To survive humans must produce.
This latter thing is so because humans evolved neither the balls of bulls, nor the trunks of elephants, nor the claws of bears, nor the necks of giraffes, but the brains of Homo sapiens, with a capacity to think.
Thus property is the precise link between economics and politics.
Here's why:
The fundamental law of economics is supply and demand.
Supply means production; demand means want.
In order to live, humans must produce. This means we must use our environment.
(Sidenote: the quasi-philosophy of environmentalism - which is nothing more, or less, than "repackaged Marxism," as the co-founder of Greenpeace accurately expressed it - believes that government, in the form of an elite bureau of centralized planners, are best suited to determine this use, over and above the law of supply and demand.)
In free societies, humans are allowed to trade freely. Among other things, this means that what you produce, and the action required to produce it, are yours by right.
Fundamentally, that action is the right to property.
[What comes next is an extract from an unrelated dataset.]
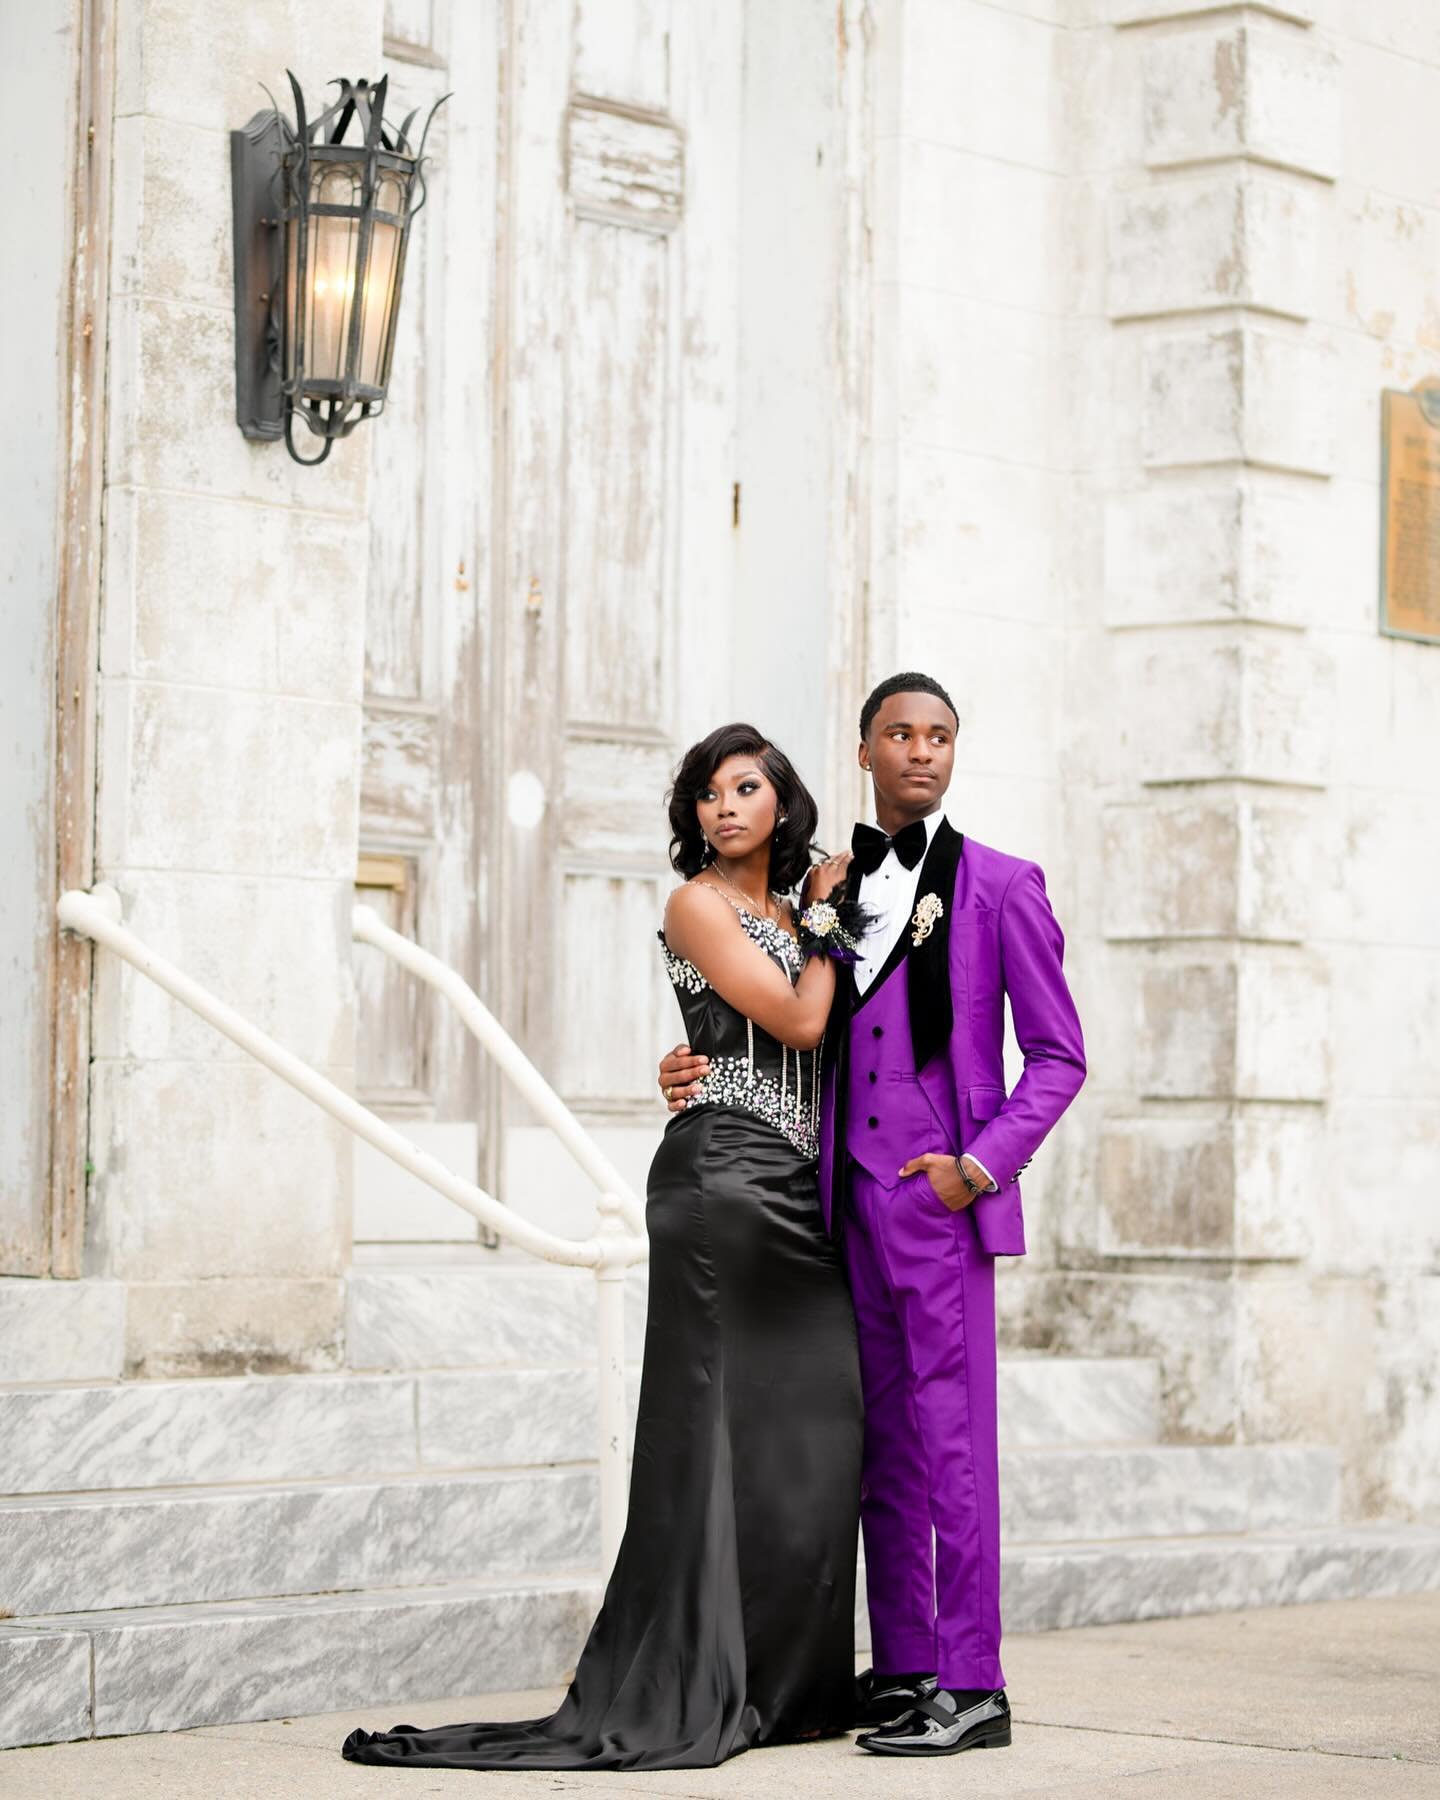 Why couldn&rsquo;t we be this cool when I was in school 20 years ago!? These kids are killing it for prom! The drip is unmatched. I&rsquo;m so happy to be a part of these milestones for Jahan. He&rsquo;s off to Alabama for college now. 👨🏾&zwj;🎓

Property is the crux of freedom; it is also, therefore, the crux of coercion:
You cannot, in any meaningful sense, be said to be free if you are not allowed to use the things you own, including those things necessary to live.
It is also why the defining characteristic of socialism, in any of its ugly disguises, is "communal" or governmental ownership of property (both of which amount to the same thing). Indeed, communal or governmental ownership of property is the only alternative to privately owned property.
Capitalism is fundamentally defined by each and every individual's inalienable right to private property.
Capitalism by definition means you may rightfully and freely produce and trade your property, and you may rightfully and freely dispose of your property.
It is in this way that laissez-faire capitalism, operating upon the principle of free trade and peaceful exchange, systematically bars coercion from human interaction. Humans, said Adam Smith, "have a natural tendency to truck, barter, and exchange."
The legal freedom to do that is laissez faire.